Fault-tolerance is another of the large areas of research and practice. For example, see the IEEE Technical Committee on Fault-Tolerant Computing. For some intersting and scary stories of insufficiently fault tolerant systems and their consequences, see Neumann's Computer Related Risks or Peterson's Fatal Defect.

November 20 : Exam #2

In-class exam.

November 27 : Project Status Presentations

In class presentations, by the students doing them, of projects and their midpoint status.

November 29 : Cluster-Based Computing

28. SoftFLASH: Analyzing the Performance of Clustered Distributed Virtual Shared Memory
by A. Erlichson, N. Nuckolls, G. Chesson, and J. Hennessy, in ASPLOS-VII, 1996, pp. 210-221.
29. Towards Transparent and Efficient Software Distributed Shared Memory
by D. Scales and K. Gharachorloo, in the ACM Symposium on Operating Systems Principles, 1997, pp. 157-169.

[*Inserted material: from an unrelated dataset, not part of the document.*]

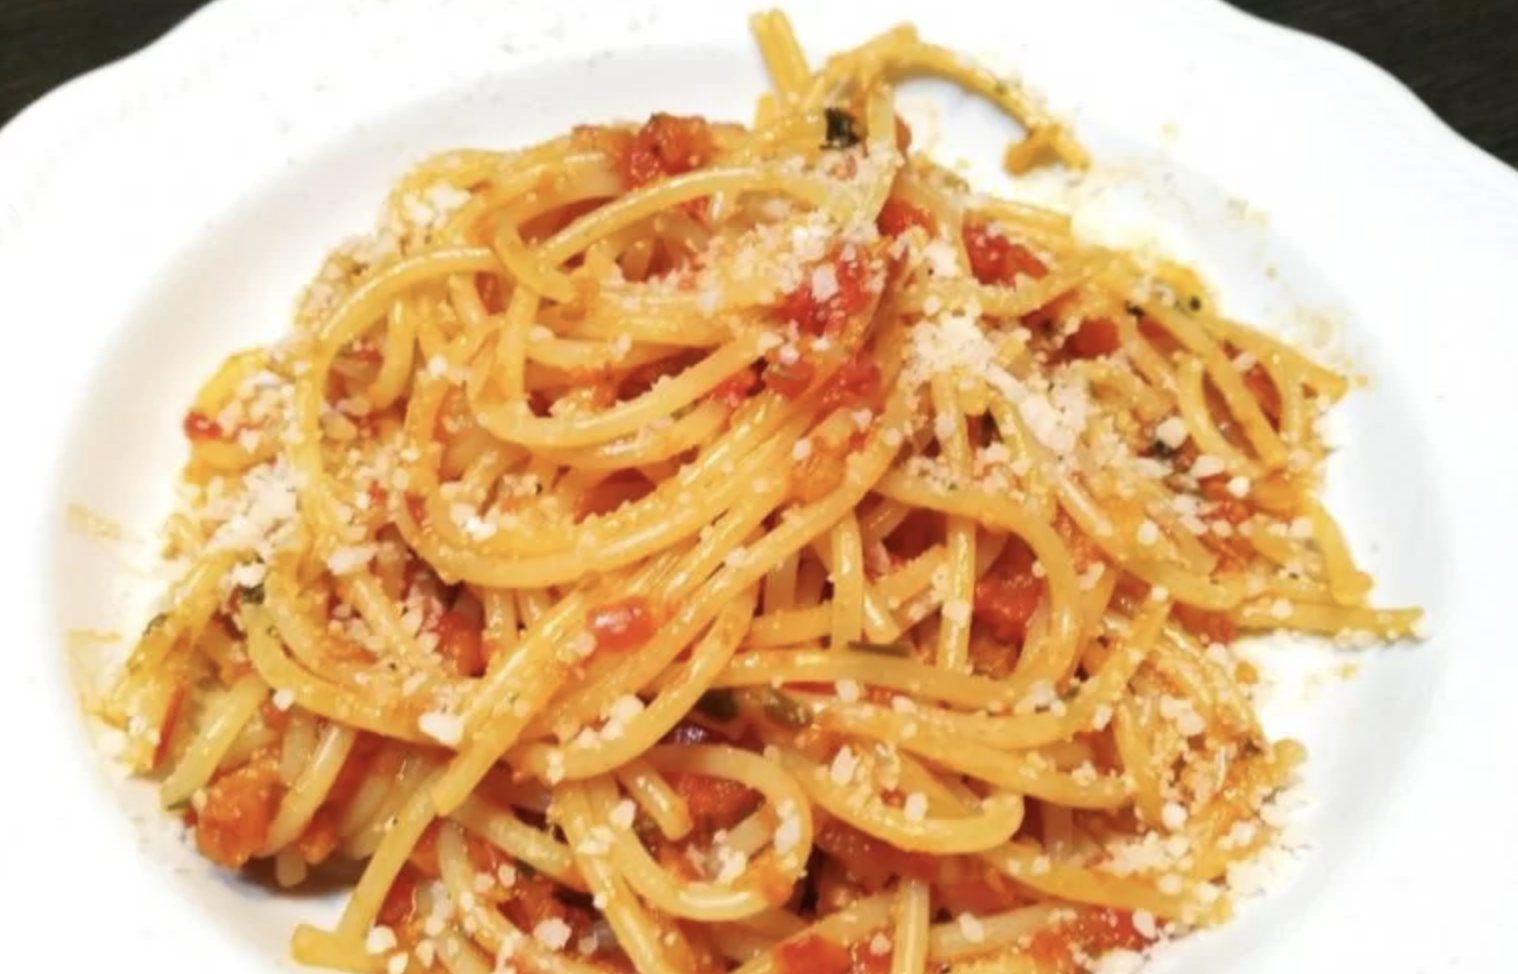 spaghetti-alla-carrettiera-alla-siciliana:-ecco-come-bisogna-mettere-il-pomodoro.-“mai-cuocerlo-cosi”

An alternative to having large, expensive, multi-processor computer systems is to treat a networked set of PCs or workstations as a parallel computer. Many have promoted and explored this approach, and we will discuss some of the trade-offs and issues involved. In particular, many trade-offs revolve around the performance and usability aspects of the most important design consideration of this approach -- how to program such a system. Along the way, we will look at several case studies and discuss (yes, you too) their pros and cons.

The papers assigned for today focus on particular approaches to this problem. The first describes SoftFLASH, yet another distributed shared memory system, and analyzes its performance on the kinds of parallel applications relevant to such computation. The second describes Shasta, which focuses on getting SMP applications to work on clusters without any programmer effort or attention.

Cluster computing is a fairly old topic that has received a lot of attention in recent years. A good, accessible explanation of why is given in A Case for Networks of Workstations: NOW (by T. Anderson, D. Culler, D. Patterson and the NOW team, in IEEE Micro, February 1995).

December 4 : Distributed OSes

30. The V Distributed System
D. Cheriton, Communications of the ACM, vol. 31, no. 3, March 1988, pp. 314-333.
31. A Comparison of Two Distributed Systems: Amoeba and Sprite
F. Douglis, M.F. Kaashoek, A. Tanenbaum, J. Ousterhout, ACM Computing Surveys, vol. 4, no. 4, Fall 1991, pp. 353-384.

An alternate to treating each system as separate and exposing that separateness to users is to have a distributed operating system that hides distribution under a single-system image. This class meeting will look at examples of how this has been done and the issues and challenges involved. Along the way, we will look at several case studies and discuss (yes, you too) their pros and cons.

The papers assigned for today describe three distributed operating system designs. The first describes the V system, a precursor to many distributed OSes. The second compares and contrasts the Sprite and Amoeba distributed systems.

Much of the course represents background for the general topic of distributed OSs, and Tanenbaum's Distributed Operating Systems textbook is a useful resource. For more information on these past and some recent projects in this space, see the history of V's group, the Sprite web site, the Amoeba web site, the Beowulf web site, and the Condor web site.

December 6 : Futures

32. The computer for the 21st century
Mark Weiser, Scientific American, vol. 265, no. 3, September 1991, pp. 94-104.

As with so many aspects of computer systems, changes in technology and applications changes the issues faced in operating systems and distributed systems. In this class meeting we'll discuss some of these cool new developments and some of their consequences.

The papers assigned for today describe visions for future computing. The first describes ubiquitous computing.

For additional material on ubiquitous computing, see Mark Weiser's Ubiquitous Computing web pages.

December 11 : Project Poster Session

The final day of classes will be a poster session, with one poster for each group's class project. This will allow you all to show off your great work to each other and other interested CMU people.